Their adventures come to an end abruptly when a stranger approaches Inglorion in the taproom of an inn. The stranger is a gray elf, rare enough this far inland. His dress suggests that he’s a ranger: long bow, short sword, leather armor. His clothes are muddy from travel, and he smells like the outdoors.
Inglorion and Sieia are between jobs. Sieia is asleep upstairs; Inglorion hangs out in the taproom of the posting inn, listening for news, looking for work.
The stranger talks briefly to the tapster, then approaches Inglorion’s end of the bar.
“Cold night,” he says.
“Muddy, too,” says Inglorion. “Looks like you’ve been traveling.”
“I’ve been on the road for two weeks now. I’ve come from a port town, Liamelia. Perhaps you know it.”
“I know it well.”
The stranger studies Inglorion. The tapster brings him a glass of gin. “Thank you kindly. That helps with the cold, to be sure.” He takes a sip, turns back to Inglorion. “What are you drinking? Can I buy you a round?”
“I’m a cheap date. What brings you this far inland?”
“I’m looking for a young lady.”
“Aren’t we all?”
The stranger gives a small, tight smile. “Not that kind of lady, and not for that reason.”
“You’re from Liamelia. I wonder if you would know her.”
“I doubt I can help. I haven’t been back there for years.”
“Her name is Sieia Shelawn. She comes from a good family, and may be traveling in the company of her brother, a half-Drow named Inglorion.” He takes a sip of his gin, looks deeply into Inglorion’s Drow eyes.
“Sieia Shelawn and her half-Drow brother, Inglorion. I might have news, depending on who’s asking, and why.”
“Her family is looking for her. Her parents died unexpectedly, under tragic circumstances. She’s an orphan now, and she stands to inherit a good deal of money.”
“Good God,” says Inglorion blankly. He looks hard at the other man, cocks his head. “Who are you? Are you carrying identification, a letter from the family?”
“The head of the family, Marcus Shelawn, hired me to find her.” He pulls a letter out of his cloak pocket, unfolds it, slides it down the bar to Inglorion. It’s a letter of introduction for a ranger named Sextus, signed by Marcus Shelawn. Inglorion recognizes the handwriting and seal immediately.
“So you’re Sextus?” The stranger nods. “Tell me what happened.”
“You’re Inglorion, aren’t you? Child name Fabius?”
Inglorion nods impatiently, and a cold light flares up in his eyes. “Look, I have a right to know. Apart from anything else, Tereus Shelawn was my father, too.”

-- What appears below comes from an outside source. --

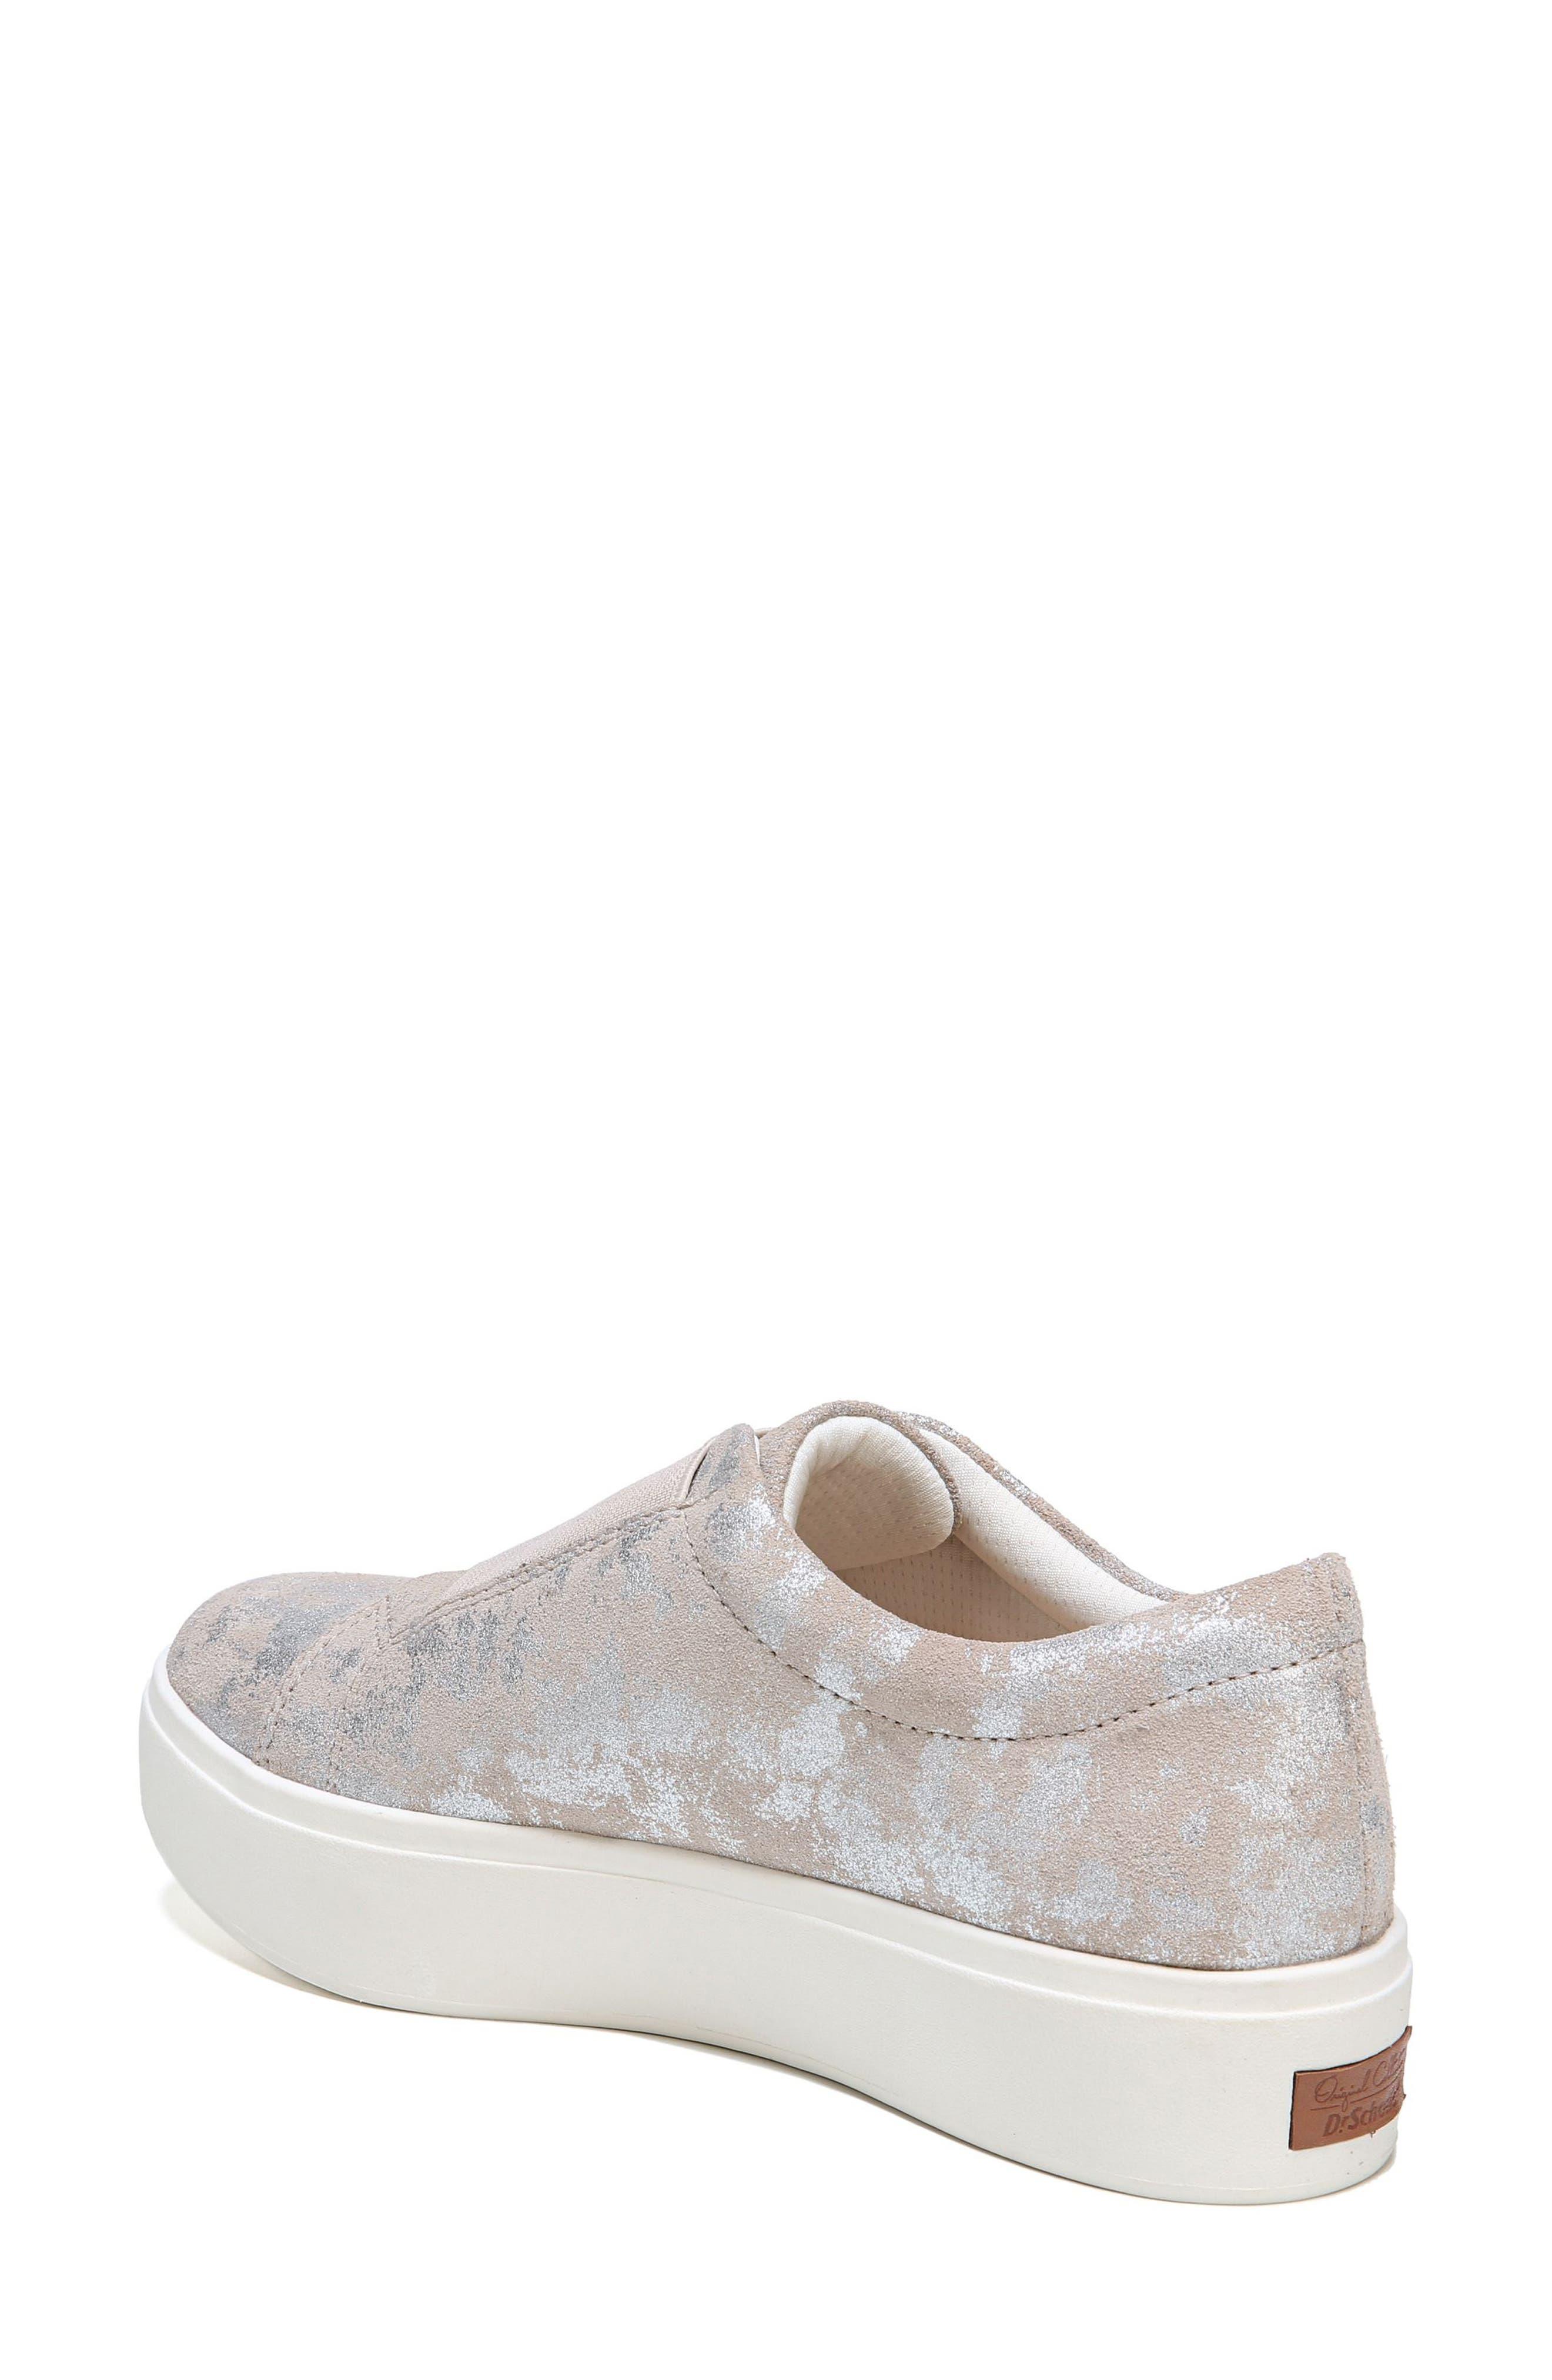 Abbot Slip-On Sneaker,                             Alternate thumbnail 2, color,

Sextus raises a hand, as if to ward off the flash of rage. “No need to fight me over it. You look just like he did at your age, except for the eyes. You’ve had no news all this time? All right, then. Her father — your father — founded a settlement outside the city gates called Xialo. There was a Drow raid. No one escaped. They all died — Tereus, his wife Lavinia, his brother and sister-in-law, their children, two other families that lived there with them.”

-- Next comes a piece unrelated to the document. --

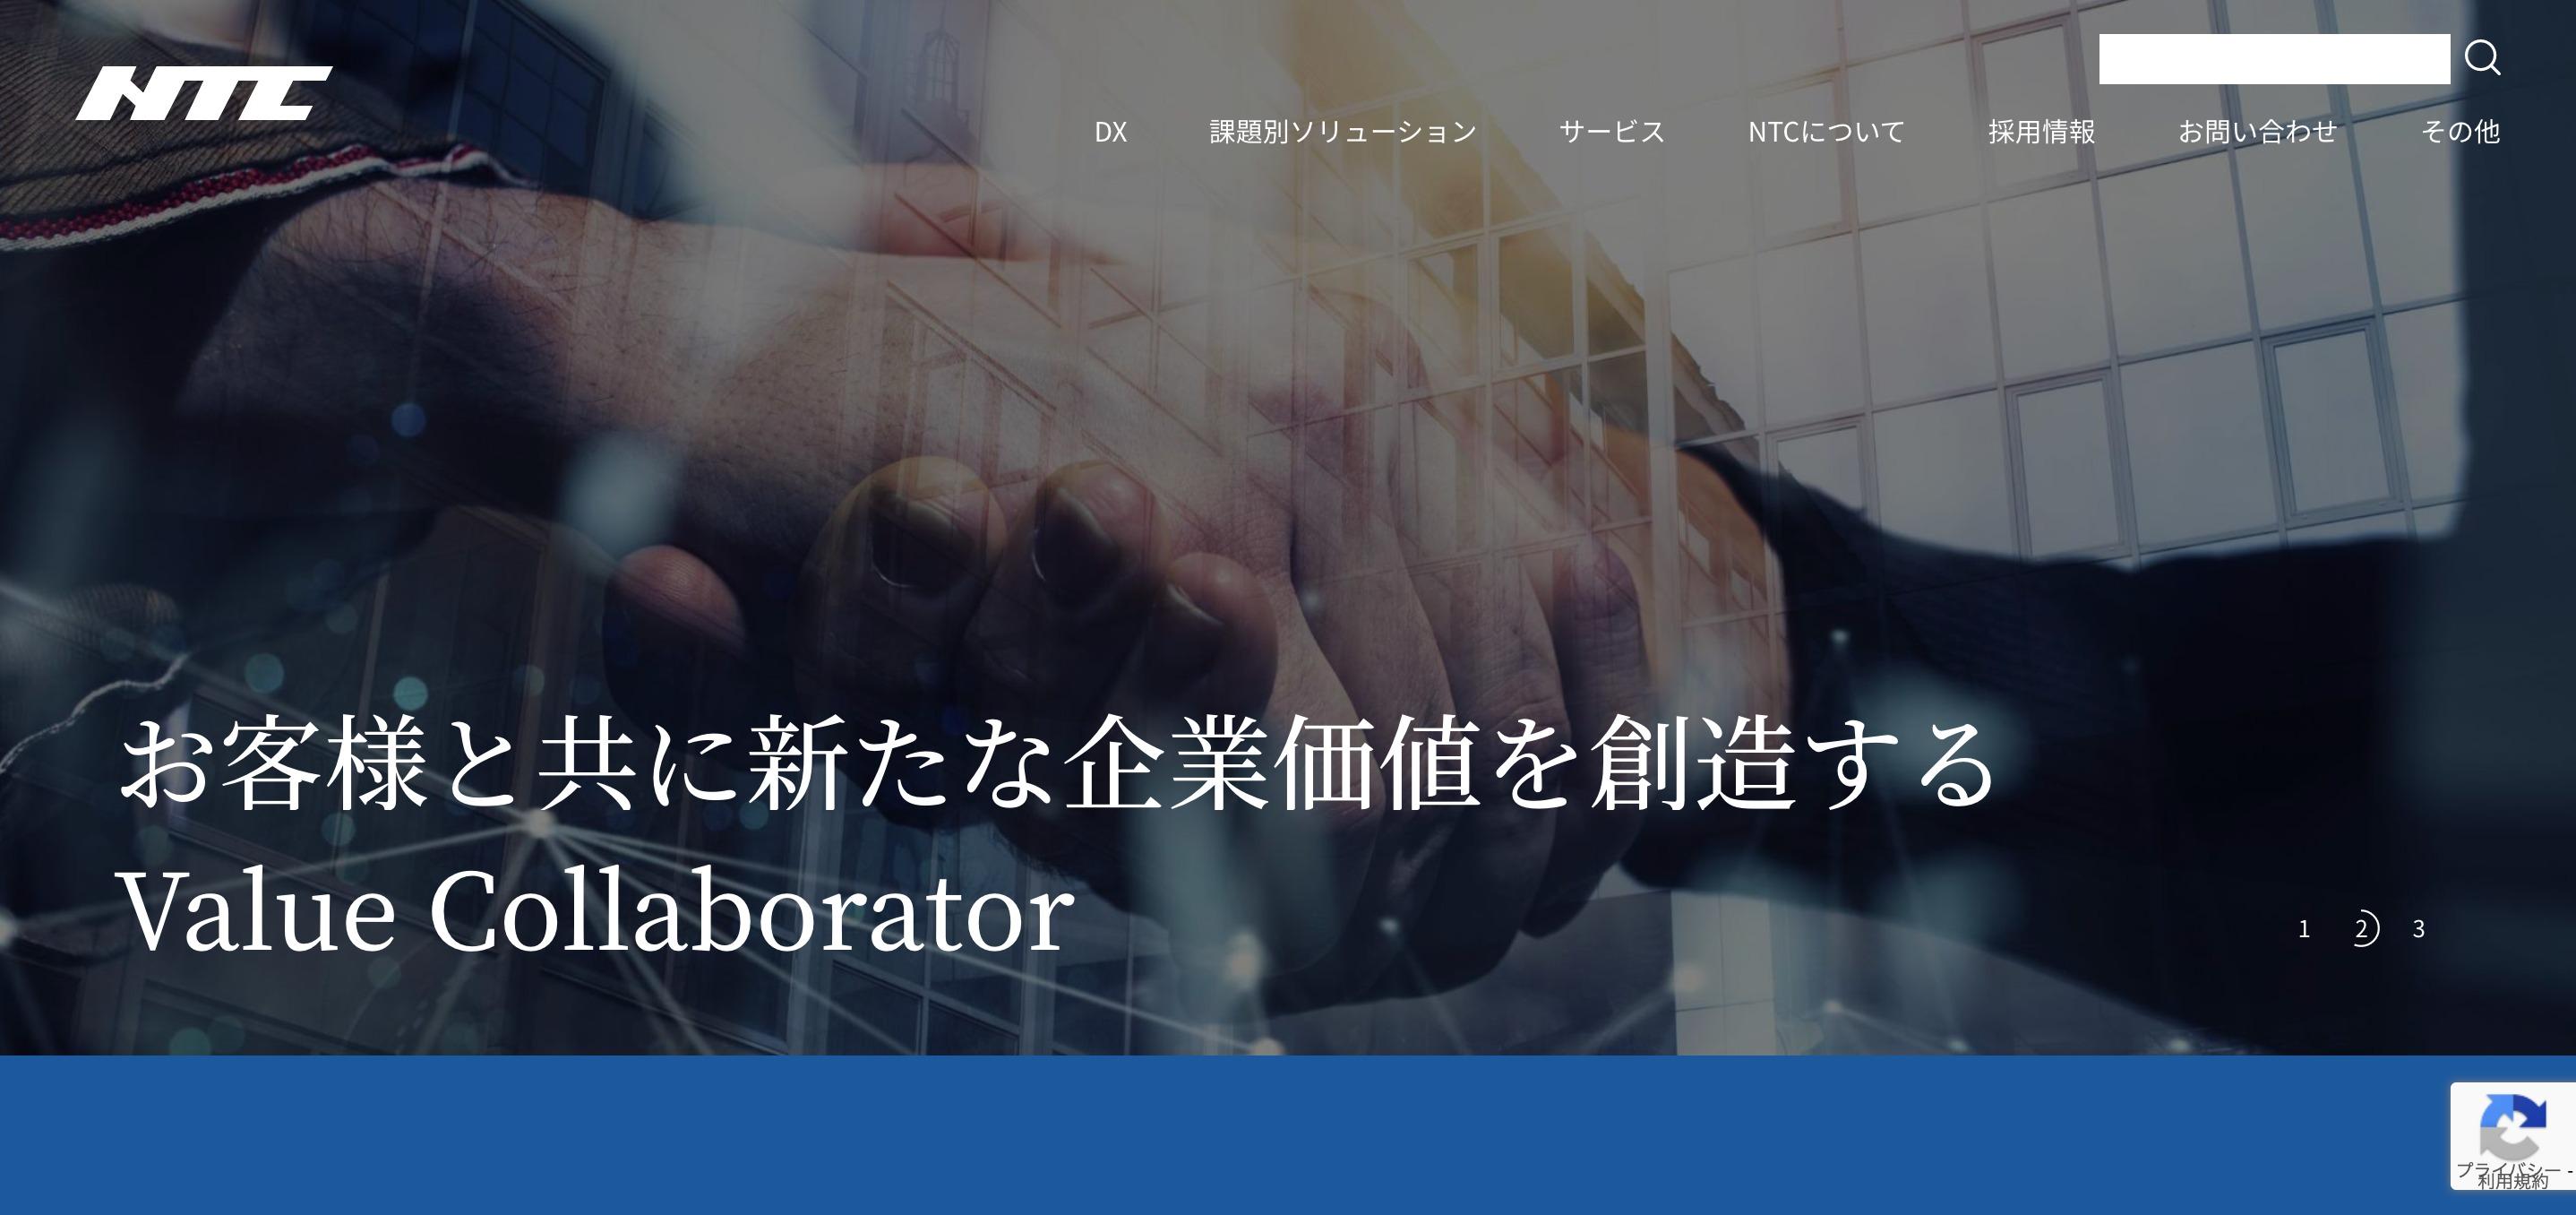 株式会社NTC ホームページ キャプチャ画像

“That stupid fucker, settling outside the city walls. How many died?”
“Thirty-five adults and children. One child taken prisoner, likely enslaved.”
“But not Marcus?”
“No. Marcus, his wife Penelope, their son Aramil — they refused to join the settlement, and were safe in Liamelia at the time.”
Inglorion nods abruptly. “Marcus was never a fool. He’s had Tereus’ measure all along.”
Sextus finishes his gin, sets the glass down. “She’s a considerable heiress, you know. It’s been a long time. Her brother thinks it’s time she came home to the family. Can I talk to her?”
“You’ll have to. I’ll try to prepare her.” Inglorion shakes his head. “She won’t like it. She doesn’t have a lot of fond memories of life in Liamelia.” He frowns, looks at his watch. “It’s late. I take it you’ll stay here tonight? I’ll bring her to you in the morning.”
Sextus asks, “You won’t interfere? Try to keep her from the family?” He almost recoils at the heat of Inglorion’s glare. It flares up quickly, then dies down, leaving Inglorion looking forlorn. Sextus remembers that Inglorion isn’t much older than Lady Sieia.
“I’ve known for a long time that she would have to go back,” Inglorion says. “She won’t like it, and she won’t understand it. But now that Tereus is dead, there’s no barrier. I’m sure Marcus will treat her kindly.”